This simple example shows how to integrate C code with low-level interfaces written in Verilog.
The design improves the VGA example by adapting such design to the more capable NEXYS4 prototyping board.

file_simulate (link)

In this directory, an example of how Bambu can use IO libc primitives (open, read, write and close) is shown.

IP_integration (link)

This directory contains a simple example describing how to integrate and verify existing IPs with functions written in C that receives structs passed by pointers.

simple_asm (link)

This simple example shows how to integrate small snippet of Verilog in the HLS flow by making Bambu use Verilog as third assembler dialect.
Currently, only single output asm instructions are supported. In case outputs are included to pass the simulation the Intel and the ATT asm should be included. For asm having only inputs, such asm string could be safely left empty.
A detailed reference on how asm statements are considered by GCC could be found at this link:https://gcc.gnu.org/onlinedocs/gcc/Extended-Asm.html.

python-bindings (link)

This directory includes an example showing how to integrate Python for design verification.

led_example (link)

This directory includes an example of a simple GPIO controller developed to show how to integrate Verilog IPs with plain C.

pong (link)

This directory includes the Pong game ported to Nexys4 prototyping board.

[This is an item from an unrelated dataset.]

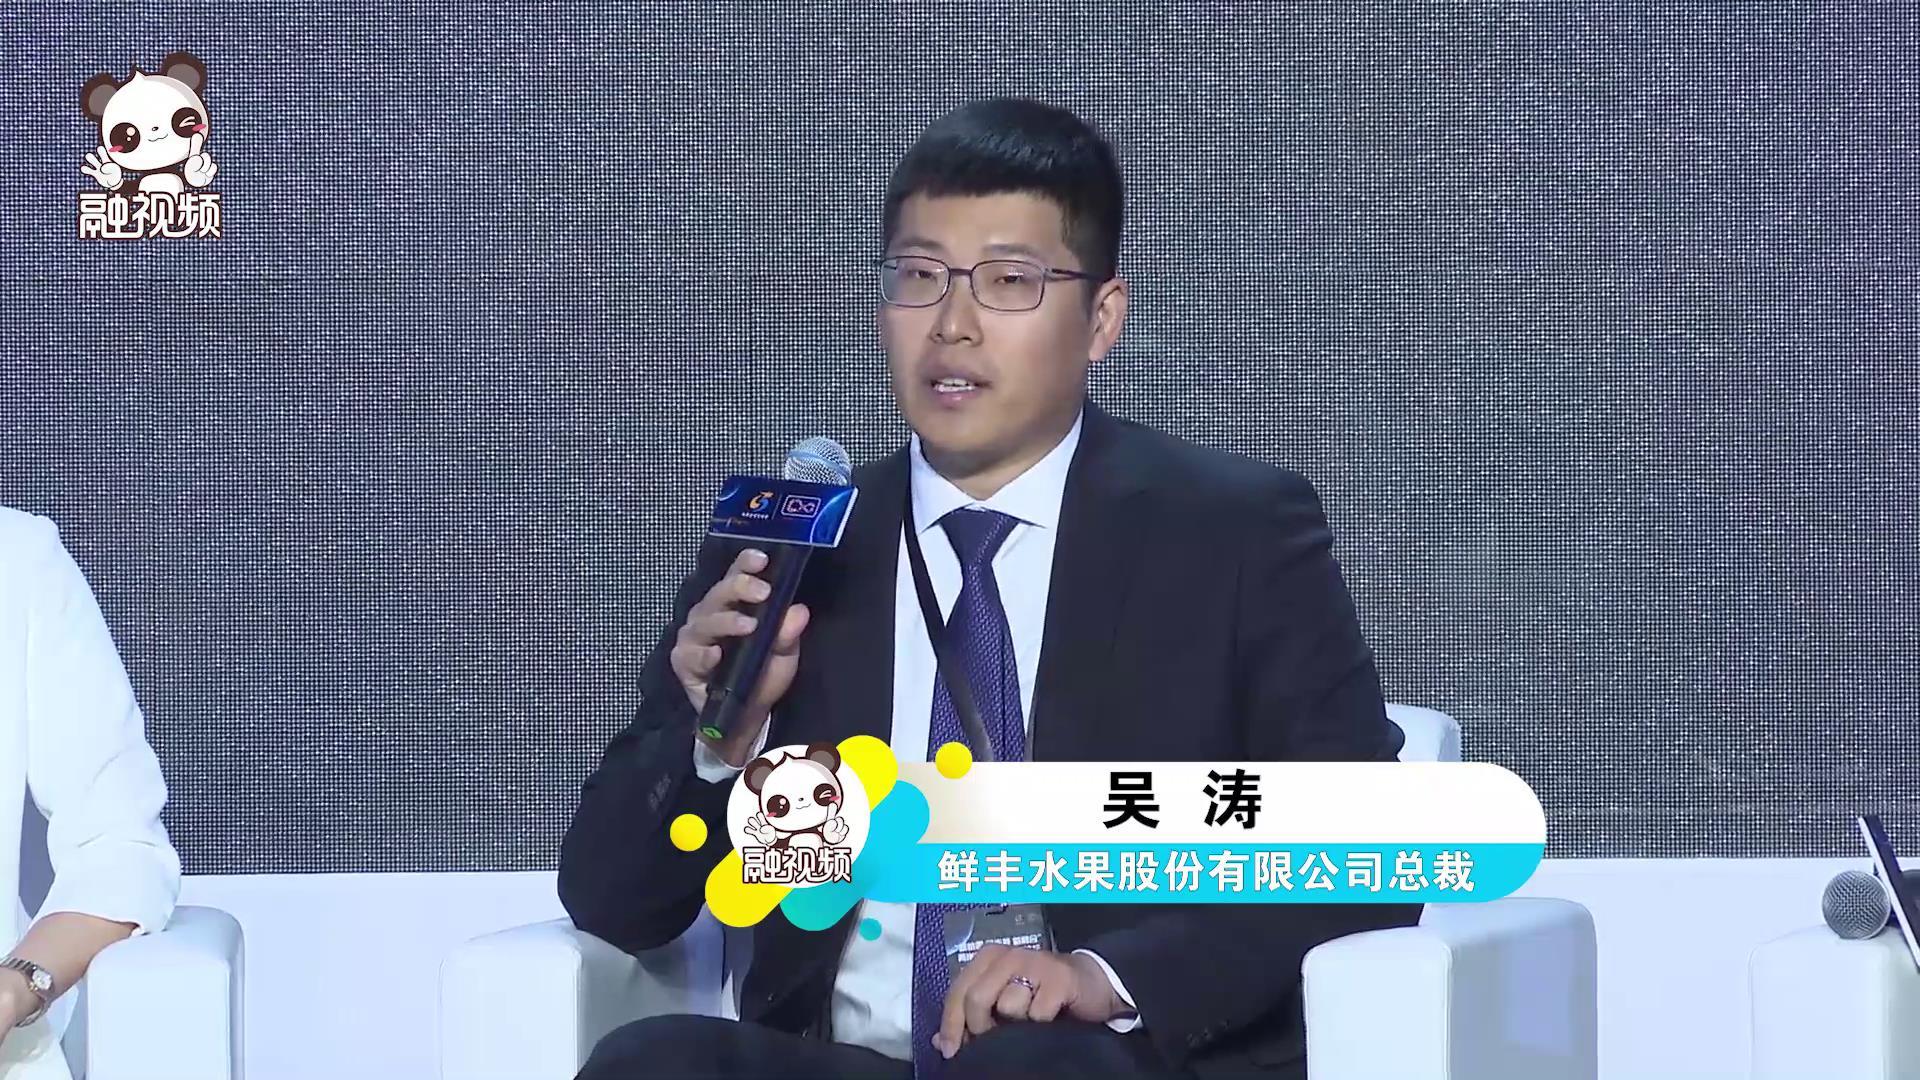 鲜丰水果股份有限公司总裁吴涛发言图片

Pong was the first game developed by Atari Inc. and was designed and built by Allan Alcorn. Further information can be found at https://en.wikipedia.org/wiki/Pong.
The code has been ported by Fabrizio Ferrandi by adapting an SDL based tutorial to the PandA methodology for the integration of low-level IP cores written in Verilog.
The original SDL code can be found at http://www.aaroncox.net/tutorials/arcade/PaddleBattle.html.
The artificial intelligence used to control the computer paddle is based on a random function described at http://burtleburtle.net/bob/rand/smallprng.html

breakout (link)

This directory includes the breakout game ported to Nexys4 prototyping board. The game was designed by Nolan Bushnell, Steve Wozniak, and Steve Bristow. History of Breakout game can be found at this link: https://en.wikipedia.org/wiki/Breakout_%28video_game%29.
The code has been ported by Fabrizio Ferrandi by adapting an SDL based tutorial to the PandA methodology for the integration of low-level IP cores written in Verilog.
The original SDL code can be found at http://www.aaroncox.net/tutorials/arcade/BRICKBreaker.html.

MachSuite (link)

This directory contains the scripts, the results and code of the MachSuite benchmarks set which is described in this paper:

Brandon Reagen, Robert Adolf, Sophia Yakun Shao, Gu-Yeon Wei, and David Brooks.
“MachSuite: Benchmarks for Accelerator Design and Customized Architectures.”
2014 IEEE International Symposium on Workload Characterization.

hls_study (link)

This directory includes the scripts, the updated results and the code related to this paper:

R. Nane, V. M. Sima, C. Pilato, J. Choi, B. Fort, A. Canis, Y. T. Chen, H. Hsiao, S. Brown, F. Ferrandi, J. Anderson, and K. Bertels, “A Survey and Evaluation of FPGA High-Level Synthesis Tools,” IEEE Transactions on Computer-Aided Design of Integrated Circuits and Systems, vol. PP, iss. 99, pp. 1-1, 2016.

softfloat (link)

This directory includes scripts and code testing single and double precision basic operations: division, subtraction, addition and multiplication.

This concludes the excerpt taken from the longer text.